Ingest remains COST_AND_USAGE_REPORT-only — CUR 2.0 is not wired into primary-bucket / BillingReportFormat selection; the classic CUR still drives what CloudZero ingests.

Testing

pytest — 18 passed, 89% coverage; flake8 clean. New tests cover: local CUR 2.0 bucket included, all export buckets covered regardless of type, remote bucket excluded, and graceful degradation on access-denied.

Discovery now calls bcm-data-exports ListExports/GetExport to find the S3 destination buckets of CUR 2.0 exports and folds every export's bucket into MasterPayerBillingBucketArns. Bucket access is granted type-agnostically (only COST_AND_USAGE_REPORT is ingested), and the discovery Lambda role gains the two bcm-data-exports actions. Author: Erik Peterson <erik@cloudzero.com>

khill2018

approved, but I agree with greptile about the test additions. Let's add those in (happy to do it myself) and then merge! Edit to add I see Erik is on a plane going to make those changes myself and have somebody additionally review the PR

Address review feedback on BCM Data Exports discovery: - Wrap each get_export call in its own try/except so a transient failure on a single export no longer drops buckets already resolved from other exports; the failing export is logged and skipped. - Keep list_exports failure as graceful fallback to empty exports. - Add tests for the multi-page list_exports NextToken pagination path and for per-export get_export error isolation. Co-Authored-By: Claude Opus 4.8 (1M context) <noreply@anthropic.com>

khill2018 · 2026-06-16T14:35:07Z

@greptile

greptile-apps · 2026-06-16T14:38:05Z

Greptile Summary

This PR extends the discovery Lambda to enumerate BCM Data Exports (CUR 2.0) S3 destination buckets and fold them into MasterPayerBillingBucketArns, so the master-payer IAM policy grants s3:Get*/List* on both classic CUR and CUR 2.0 buckets. It also removes the toolz pipeline style in favour of straight procedural code, removes the deprecated audit/cloudtrail-owner account types, replaces the inline Custom::CostAndUsageReport Lambda with the native AWS::CUR::ReportDefinition resource, and flattens the connected-account stack from six nested stacks to one.
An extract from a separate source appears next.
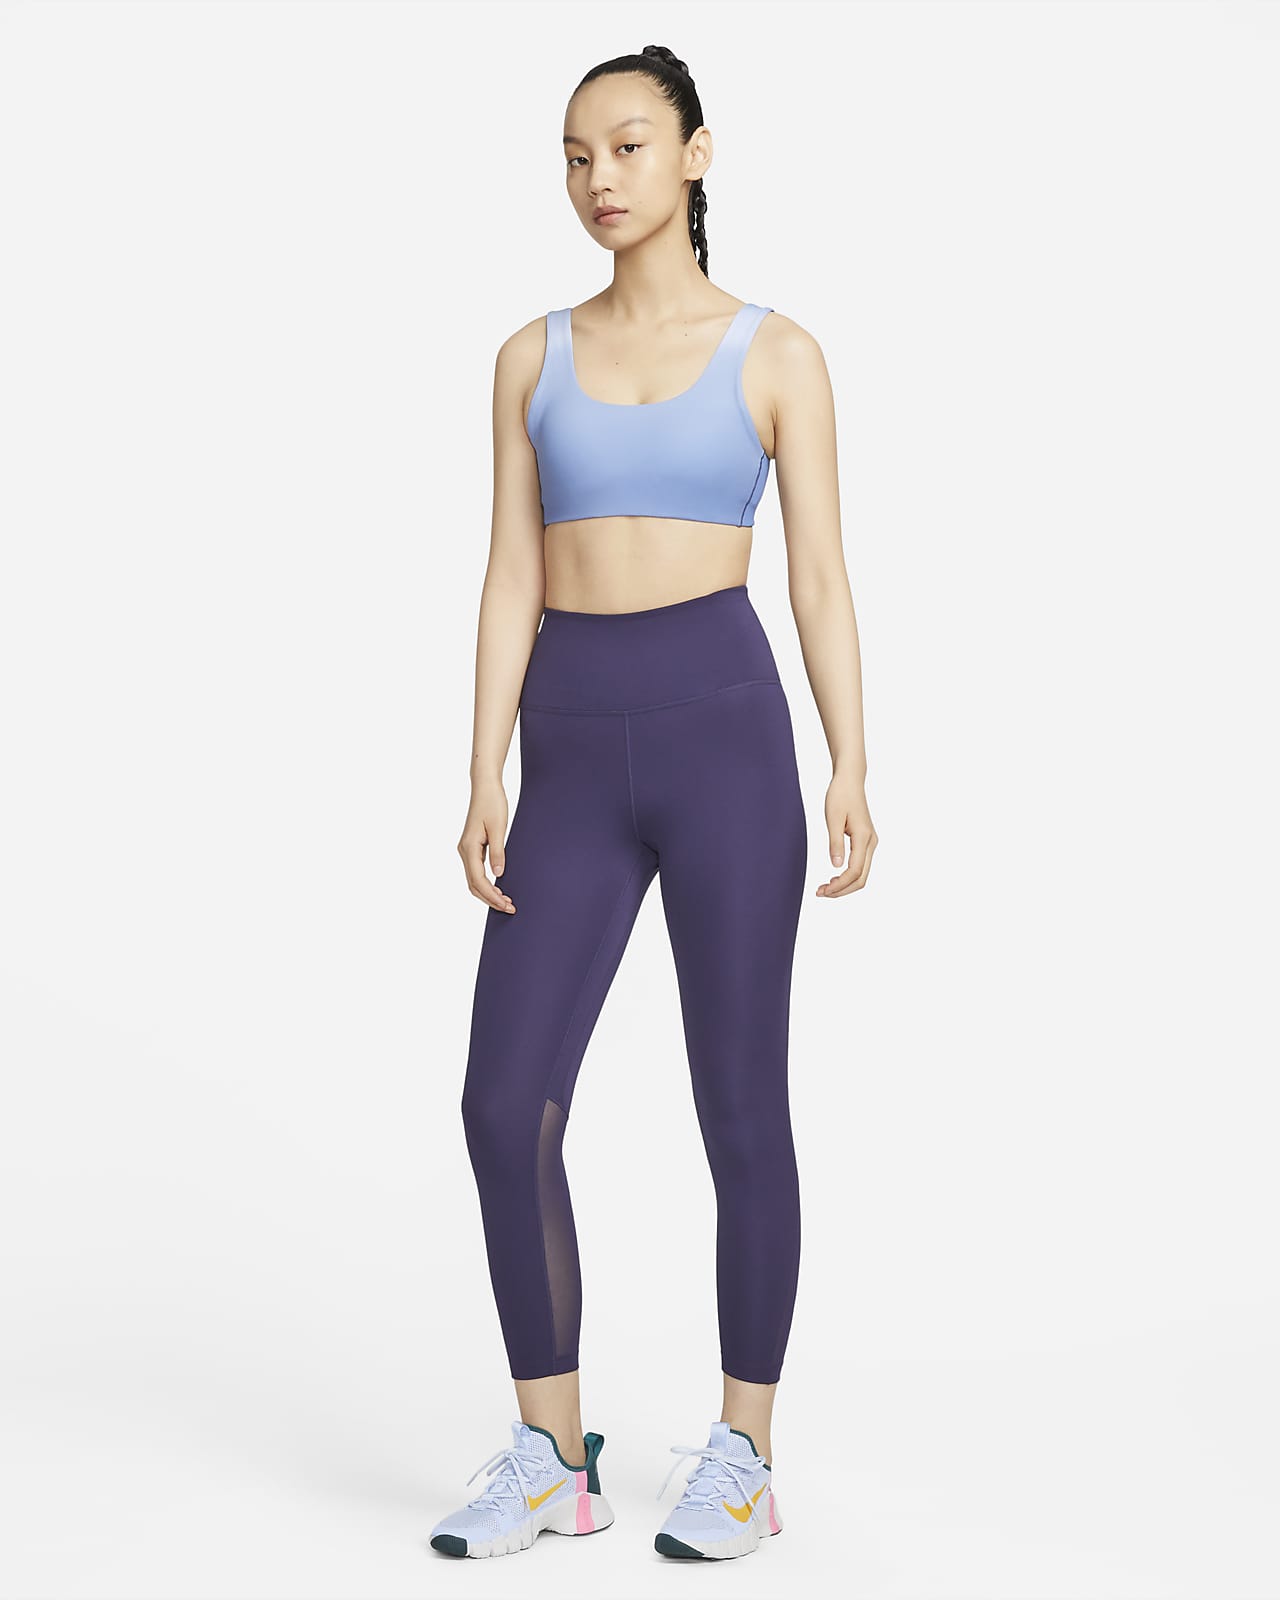 Nike One Women's Mid-Rise 7/8 Leggings, XS at Amazon Women's Clothing store

list_data_export_bucket_names() paginates bcm:ListExports and resolves each export ARN with bcm:GetExport; per-export errors are isolated so a single GetExport failure doesn't drop the rest.
all_local_billing_bucket_names() unions classic CUR report buckets with BCM Data Export buckets, keeping only locally-owned ones; graceful AccessDeniedException degradation falls back to classic CUR buckets.
DiscoveryFunction execution role gains bcm-data-exports:ListExports + bcm-data-exports:GetExport; the new account_resources.yaml nested template replaces the old per-account-type templates.

Confidence Score: 4/5

Safe to merge with one fix: a mid-pagination ListExports failure discards all ARNs from earlier pages instead of using them.

The list_data_export_bucket_names function wraps the entire list_exports pagination loop in a single try/except. If the first page succeeds but any subsequent page raises, the except block executes return [], silently discarding all ARNs collected from previous pages. For accounts with enough exports to span multiple pages, this means their export buckets are missing from the IAM policy until the next stack update. Everything else looks correct.
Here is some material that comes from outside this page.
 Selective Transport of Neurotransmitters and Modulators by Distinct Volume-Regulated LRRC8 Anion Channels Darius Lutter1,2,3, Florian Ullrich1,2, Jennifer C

services/discovery/src/app.py — the list_data_export_bucket_names pagination error handling.

Important Files Changed

Filename	Overview
services/discovery/src/app.py	Major refactor from toolz-pipeline style to procedural; adds `list_data_export_bucket_names()` for BCM Data Exports. One issue: mid-pagination `list_exports` failure discards all ARNs collected from earlier pages.
services/discovery/tests/unit/test_app.py	Comprehensive test coverage for BCM Data Exports paths: local bucket included, all-export-types covered, remote bucket excluded, access-denied degradation, pagination across two pages, per-export isolation, and missing-destination guard.
services/discovery/template.yaml	Adds `bcm-data-exports:ListExports` and `bcm-data-exports:GetExport` to the DiscoveryFunction execution role; removes deprecated `cloudtrail:DescribeTrails`.
services/account_type/account_resources.yaml	New template merging former resource_owner + master_payer templates; replaces Custom::CostAndUsageReport Lambda with native AWS::CUR::ReportDefinition (us-east-1 gated). IAM policies and Conditions look correct.
services/notification/src/app.py	Removed toolz pipeline and CFN stack-scraping; notification now builds payload directly from event properties. Fixed reactor payload contract is preserved including deprecated cloudtrail/audit fields.
services/connected_account.yaml	Flattened to a single nested AccountResources stack; inlines Discovery and Notification Lambdas; removes deprecated audit/cloudtrail-owner nested stacks. Adds Stage parameter for prod/dev callback URL selection.

Comments Outside Diff (1)

services/discovery/src/app.py, line 2398-2409 (link)

Mid-pagination ListExports failure silently discards already-collected ARNs

If list_exports succeeds on page 1 but raises on page 2, the export_arns list that was populated from page 1 is owned by the try block. When the except fires, return [] discards those page-1 ARNs entirely — so no export buckets at all end up in the IAM policy, even though half the exports were successfully enumerated.

The fix is to move the exception handling inside the loop so a page failure breaks out with partial results rather than discarding everything. The per-export get_export isolation pattern already in the code below is the right model to follow here.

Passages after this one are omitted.